Results of this study demonstrated a diverse and complex microbiome in the lagoon type biodigester. The number of OTUs obtained in this study is higher in comparison with other reports on microbial diversity of anaerobic digesters [6,7,8]. Further, microbial communities varied among the different sampling sites of the biodigester. This variability could be attributed to the operation of this biodigester which creates a gradient of unique conditions through the sampling points such as substrate availability, redox potential, pH, Volatile Fatty Acids (VFA) concentration, etc. Earlier, Ye and Zhang [16], also reported variations in bacterial diversity in the different sections of a wastewater treatment plant.

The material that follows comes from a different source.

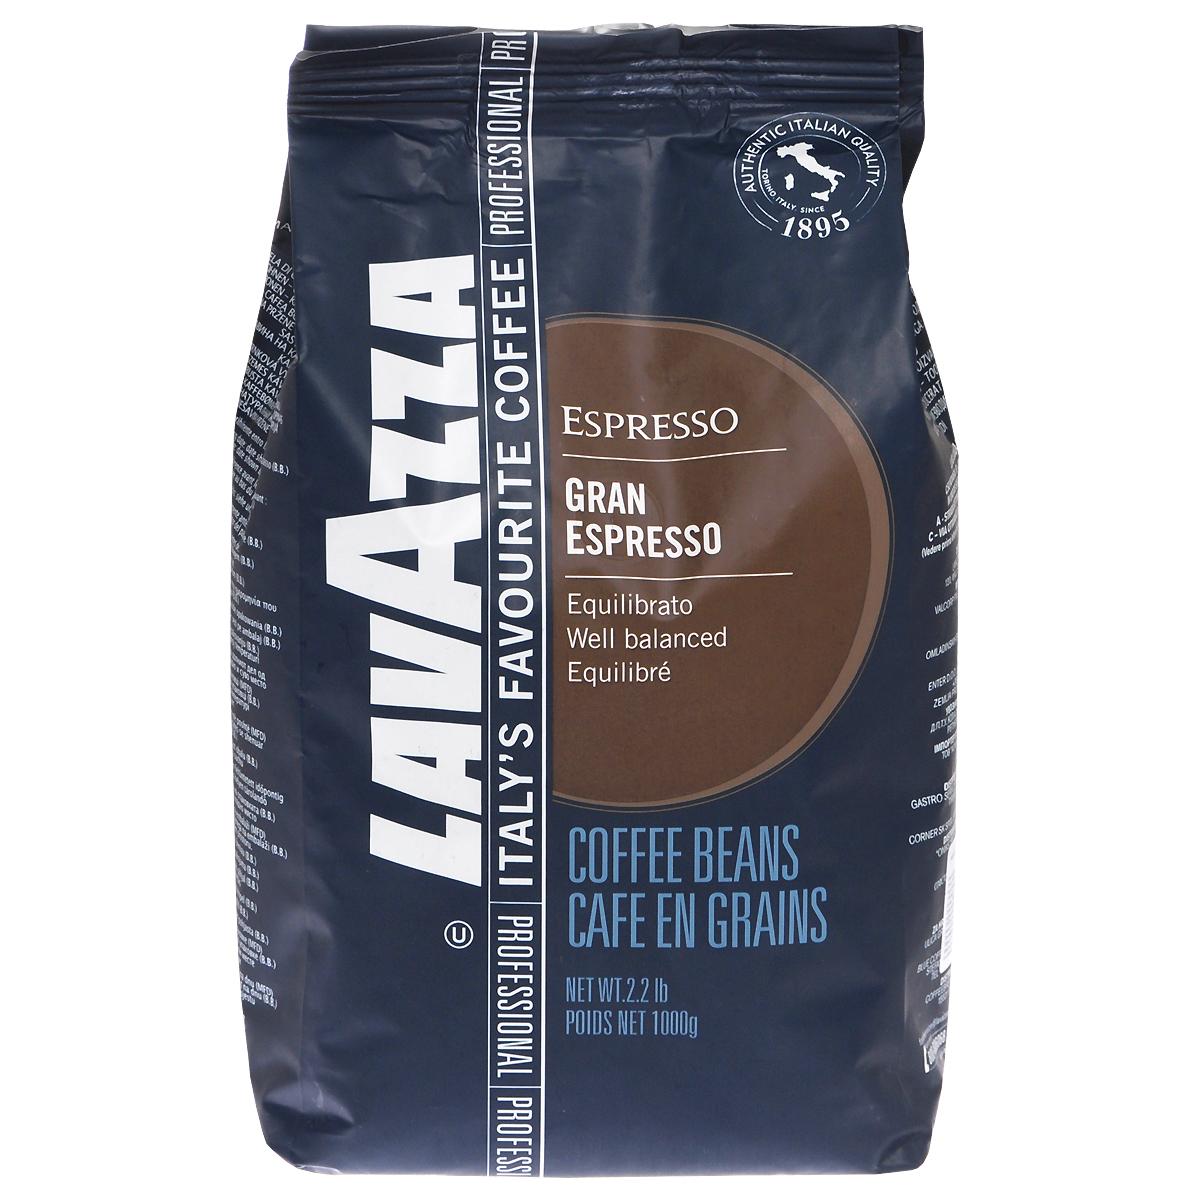 Lavazza Gran Espresso кофе в зернах, 1 кг кофе в зернах lavazza 3590 rossa 1кг

Nonetheless, in a study of different sites of a mixed plug-flow-loop reactor (MPFLR) fed with cattle manure, bacterial community was found homogeneous, and could be attributed to the mixing of the contents in the reactor [17]. Whereas no such mixing occurs in the lagoon-type biodigester of this present study, the prevalent environmental gradients resulted in heterogeneous bacterial communities in the biodigester.
The most abundant phyla, Firmicutes, Proteobacteria, Latescibacteria and Thermotogae, also have been reported as dominant in previous studies of biodigesters, albeit Latescibacteria has been described as minor phyla [18,19,20]. Firmicutes has been reported earlier in manure-based samples [8,21] and in several studies of anaerobic digesters [19,22,23,24,25]. The greater presence of Firmicutes, mainly represented by the cellulolytic and fermentative order Clostridiales, in the influent (37.23%) and beginning sites (47.67%) could be due to the high cellulose content of cattle manure, which because of the design of the reactor was present at high amounts in the first section of the biodigester [26]. This occurrence announces the major role of Clostridiales in the hydrolytic stage of anaerobic digestion process which might be predominantly performed in the influent and the beginning of the biodigester.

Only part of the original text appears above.